Friday, January 7, 2011

Extraneous Information

I often hear writers say that there reaches a point when the story writes itself. The idea being that once all of the groundwork has been laid, the events that follow are natural and logical, based on the circumstances.  It may mean smooth sailing for the writer.  It also means a boring journey for the reader.

This is a point I often struggle with because I am a concise writer.  I want to get to the point and move on.  For essays and short stories, it's wonderful. For trying to keep the reader guessing or maintaining suspense, it's lousy. This is where extraneous information comes in.

Throw the audience for a loop.  Tell them stuff that isn't actually relevant, but sounds like it might be.  When a murderer is on the loose, have the neighbor show up because she was feeling friendly.  Is she creating an alibi?  Is she looking for her next victim?  Is she simply a lonely woman looking to kill an afternoon?  We won't know until the next thing happens.  But you do know.  You know she has no purpose but to throw us off the trail of the real killer, who we met in the first chapter.
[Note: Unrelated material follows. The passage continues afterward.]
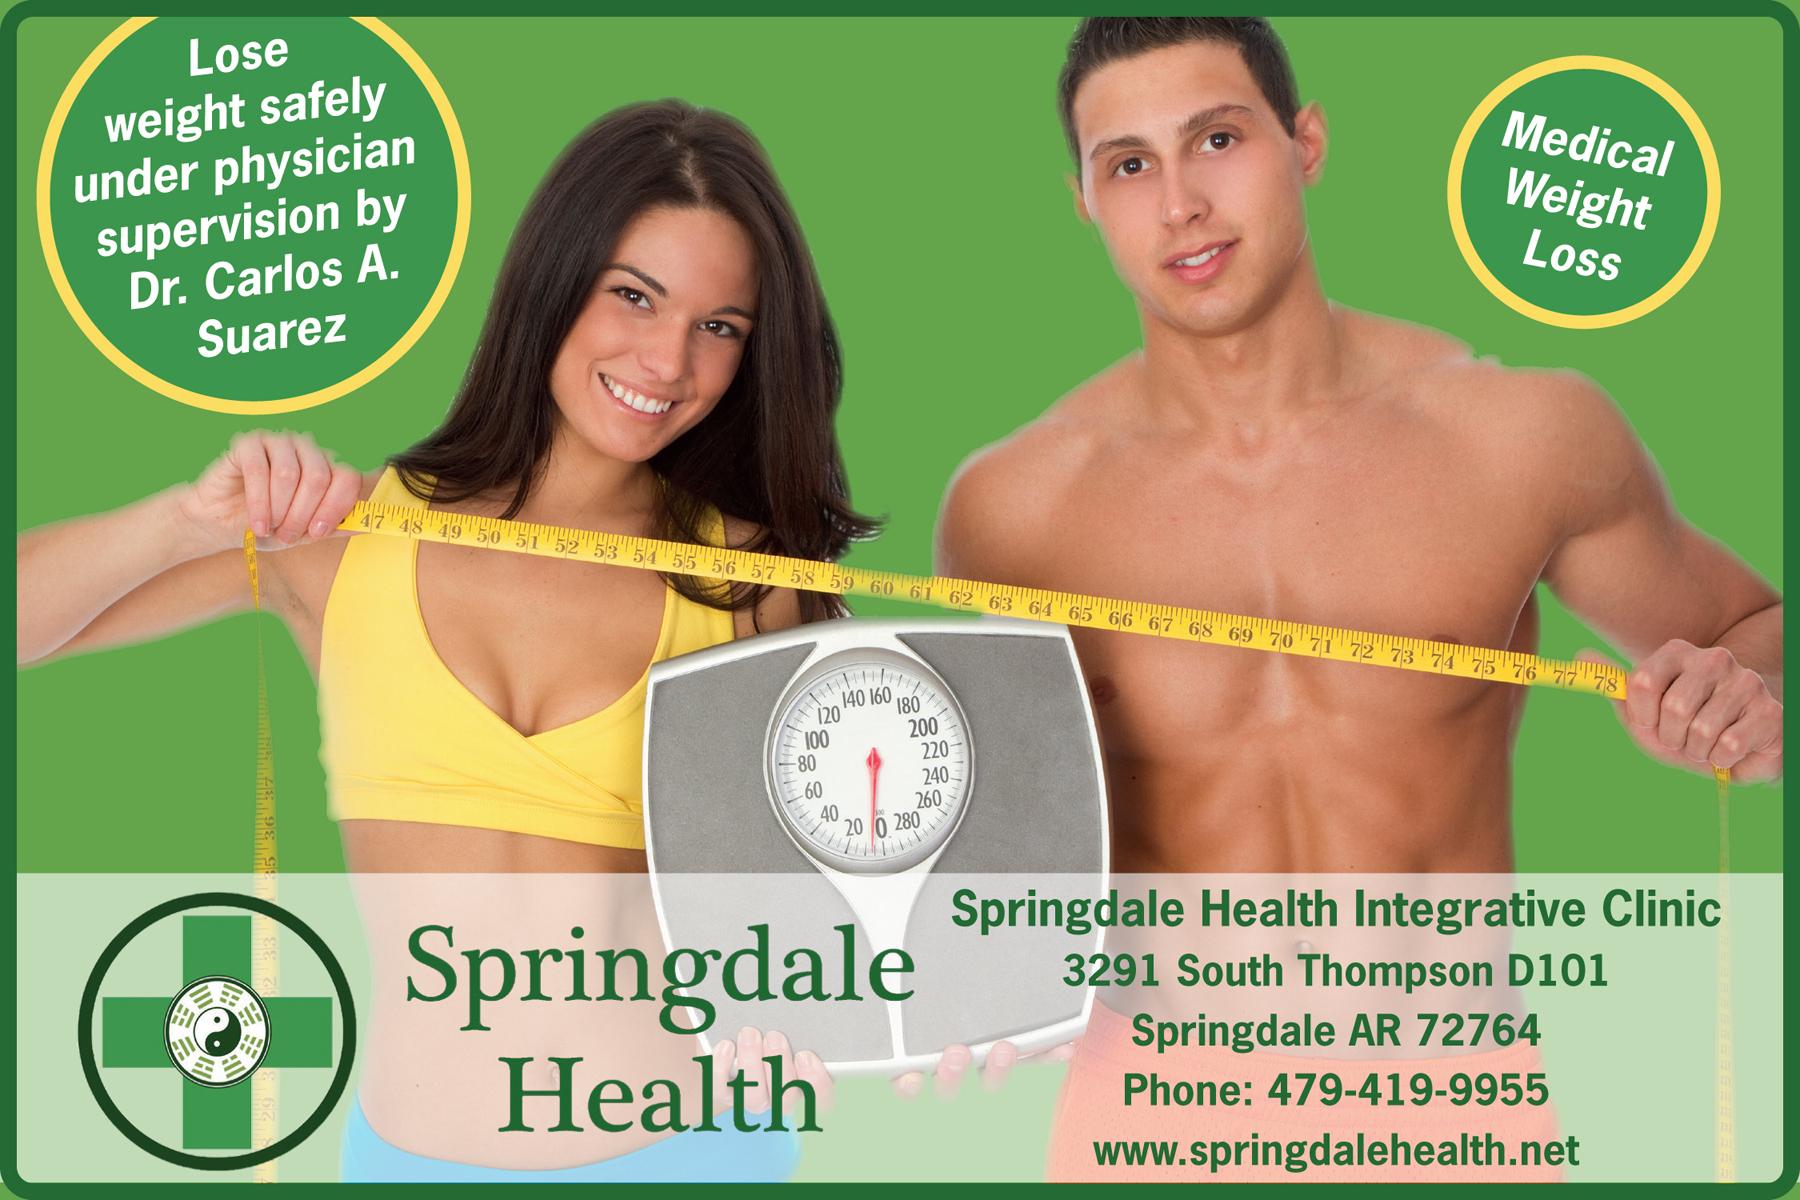 Springdale Health Integrative Clinic_12_Jun
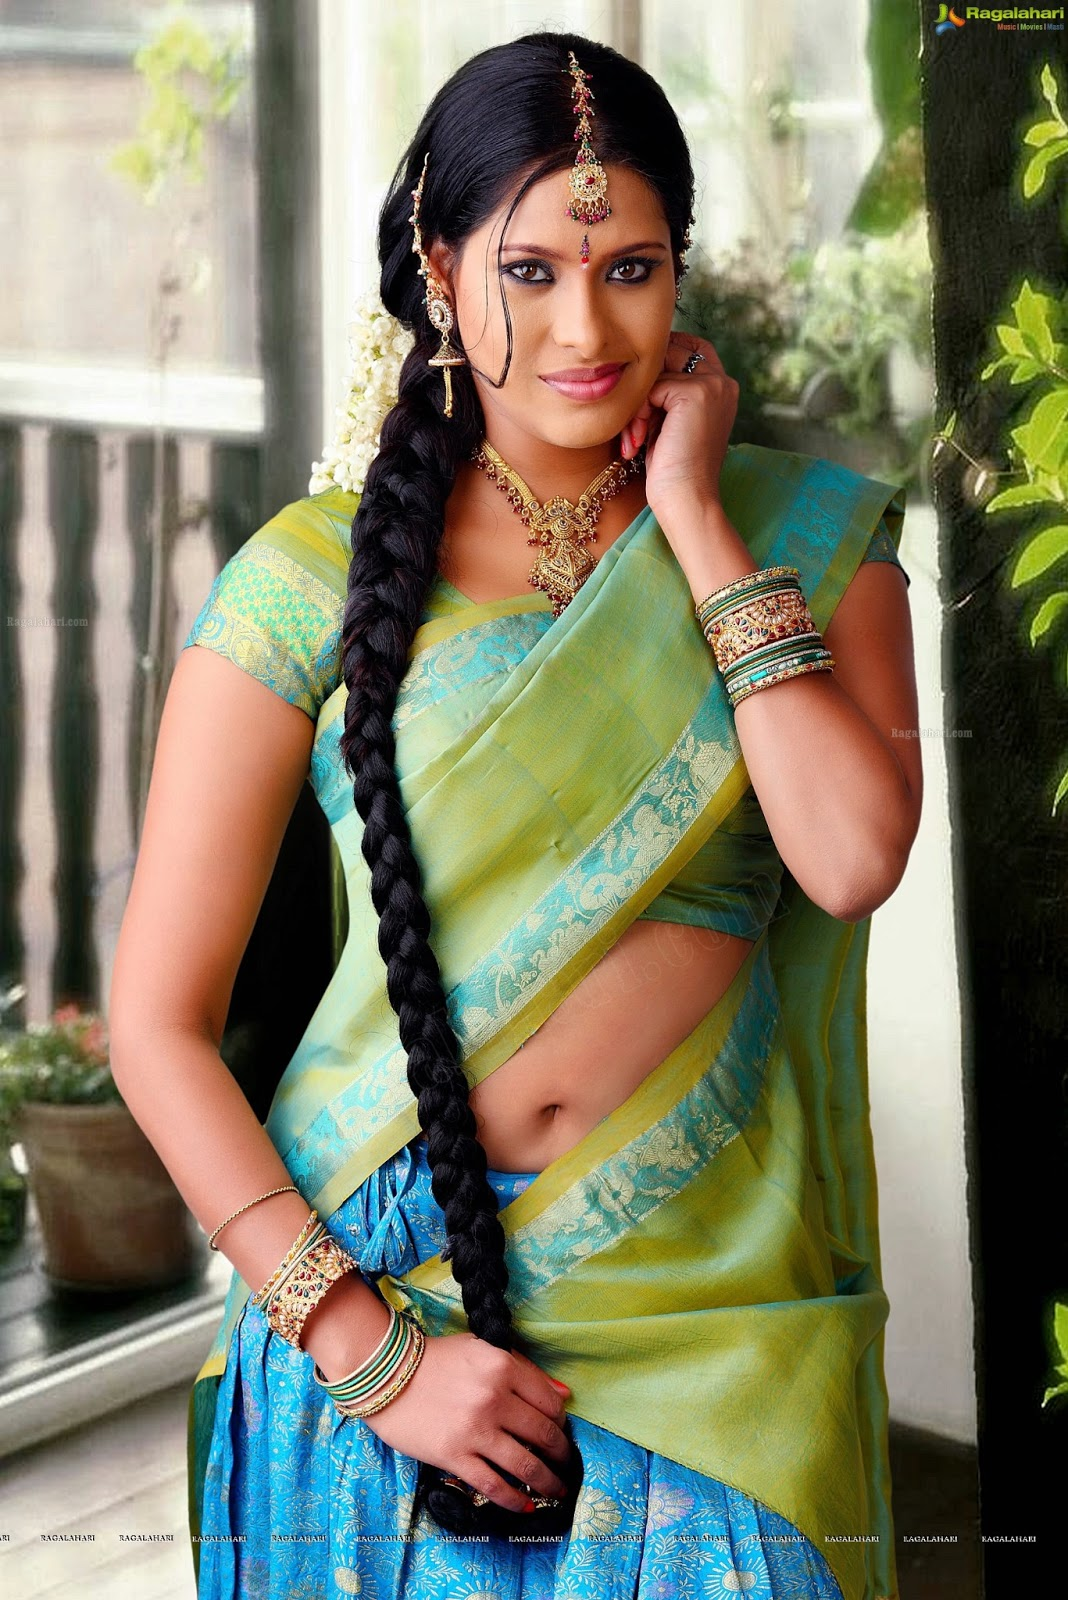 Gemini TV Indrani serial actress ARCHANA

If the only person you mentioned aside from the main characters was the gardener, the gardener would be mighty suspicious.  But by throwing in four ancillary characters, it looks like you are just building mood and ensemble.  It allows you to hide the real points in plain sight.  Then when you reveal it, we all get so surprised to find out, so annoyed that we didn't figure it out, but also satisfied because of that.

When you use extra information to keep the audience interested, you are not using more words than you need.  So you can still be concise and confusing.  Give it a shot.